Bisogna constatare, non senza rammarico, che tanto il precedente governo quanto quello attuale hanno praticato una riduzione degli stanziamenti al Fondo Nazionale, portando le risorse disponibili da 290 milioni di euro nel 2007, ai 250 nel 2008, fino ai 171 nel 2009.

 

Dato già di per sé sconfortante, al quale si aggiungono ulteriori fattori aggravanti: l’8% di tassa regionale Irap ed il 25 di Inps, che gravano entrambe sul medesimo e sempre più esiguo fondo. E’ facile comprendere come da una totalità di risorse destinate al solo avvio dei giovani, con una piccola quota destinata al funzionamento dell’UNSC ed un’altra alla formazione dei volontari, si possa oggi ragionare su un fondo già decurtato a monte del 33% per le sole tasse previdenziali. A questa prima decurtazione si aggiunge poi anche il taglio del Fondo Nazionale per il quale sono stati stanziati come anzi detto, nella finanziaria attualmente in discussione, 80 milioni di euro in meno, pari ad un’ulteriore decurtazione del 33%. 

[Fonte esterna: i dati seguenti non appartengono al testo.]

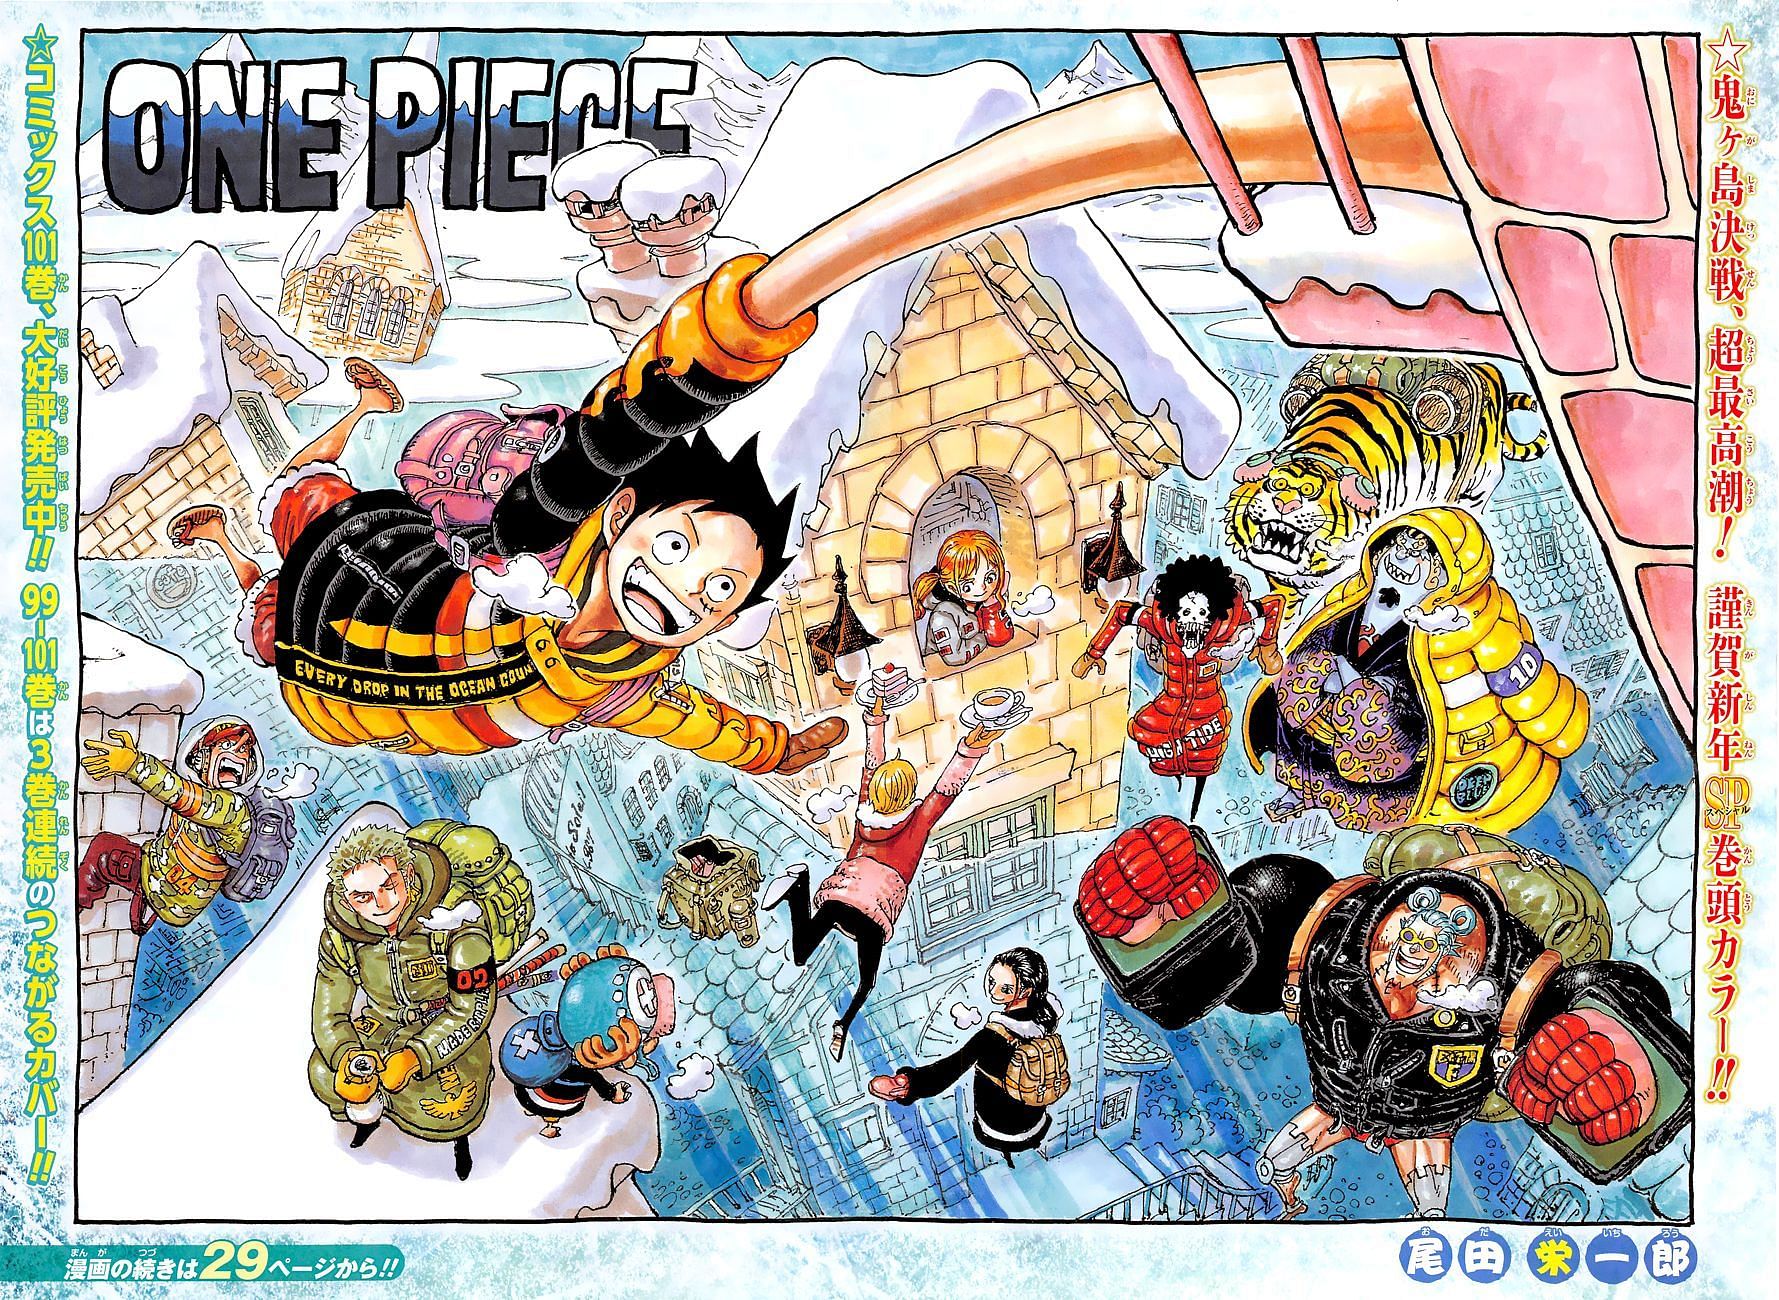 The color spread seen in the beginning of One Piece Chapter 1036. (Image via onepiecechapters.com)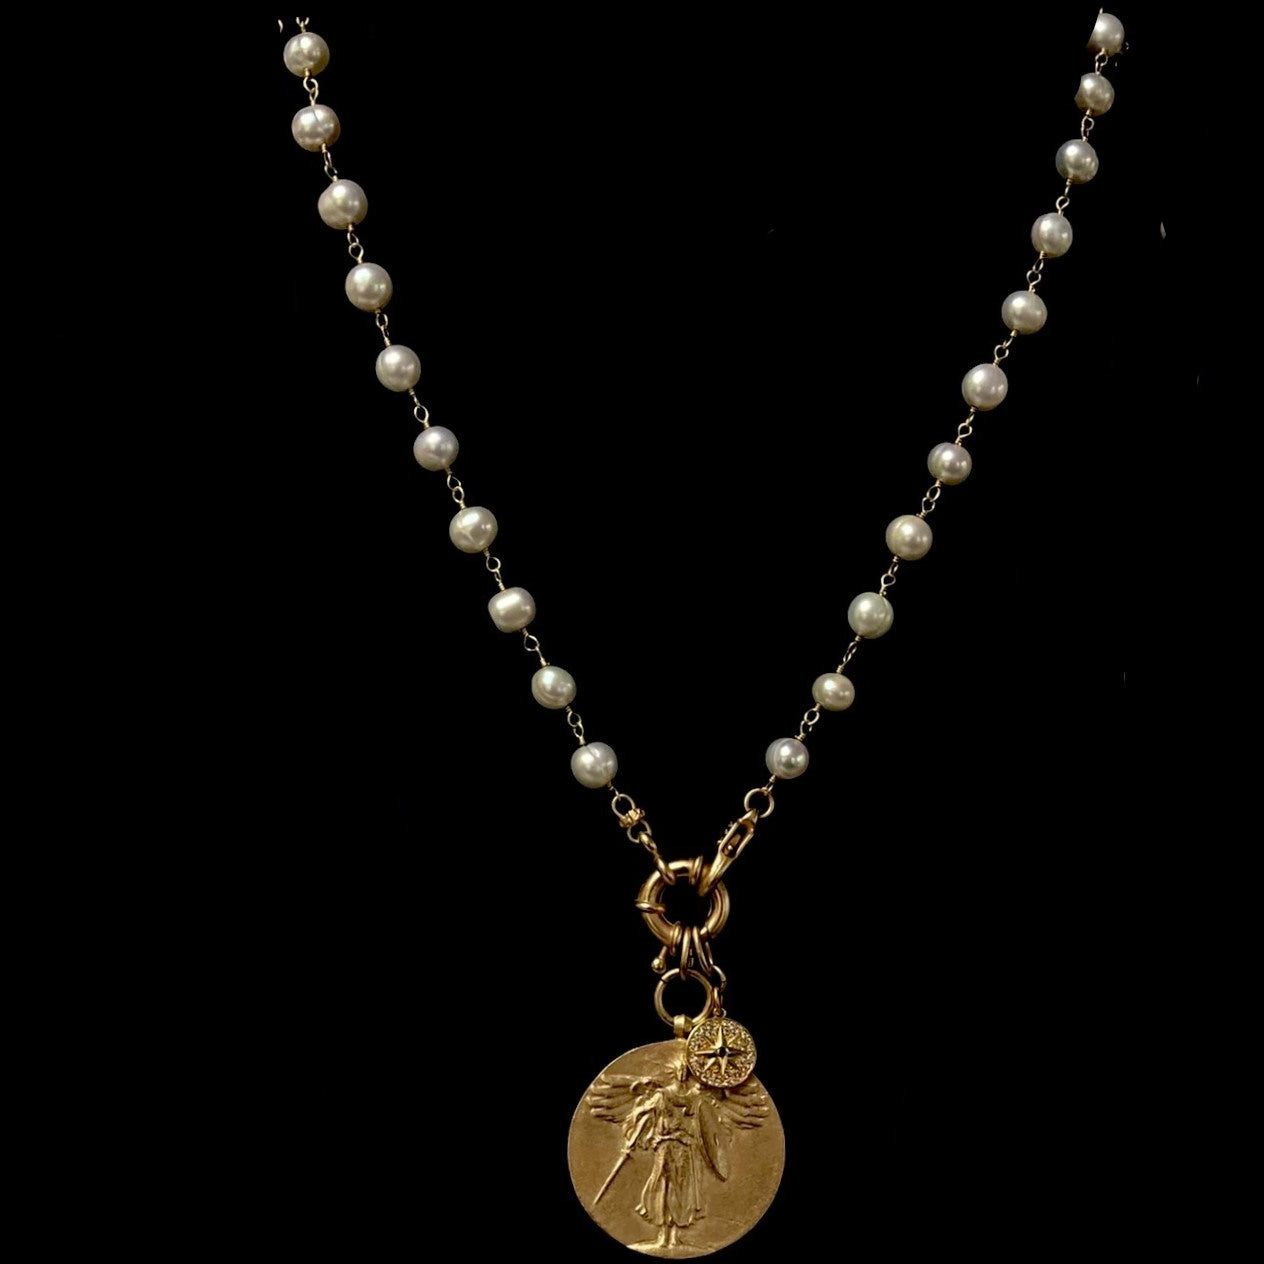 Saint Michael True North Freshwater Pearl Necklace

Da questa prima considerazione possiamo iniziare a ragionare su possibilità e necessità di un sistema complesso e in evidente crisi. La più immediata soluzione alla scarsità di risorse economiche sembrerebbe quella di un rimpinguamento del fondo nazionale attraverso un maggior stanziamento in finanziaria. Strada che non si può pensare di tralasciare e sulla quale il fronte degli enti nazionali è sicuramente impegnato con le attività e gli strumenti che gli sono propri, ovvero sensibilizzando il parlamento. Altra soluzione è la compartecipazione delle regioni al fondo nazionale, mediante lo stanziamento nelle finanziarie regionali di fondi destinati al Servizio Civile Nazionale, non già all’istituzione di un complementare servizio civile regionale.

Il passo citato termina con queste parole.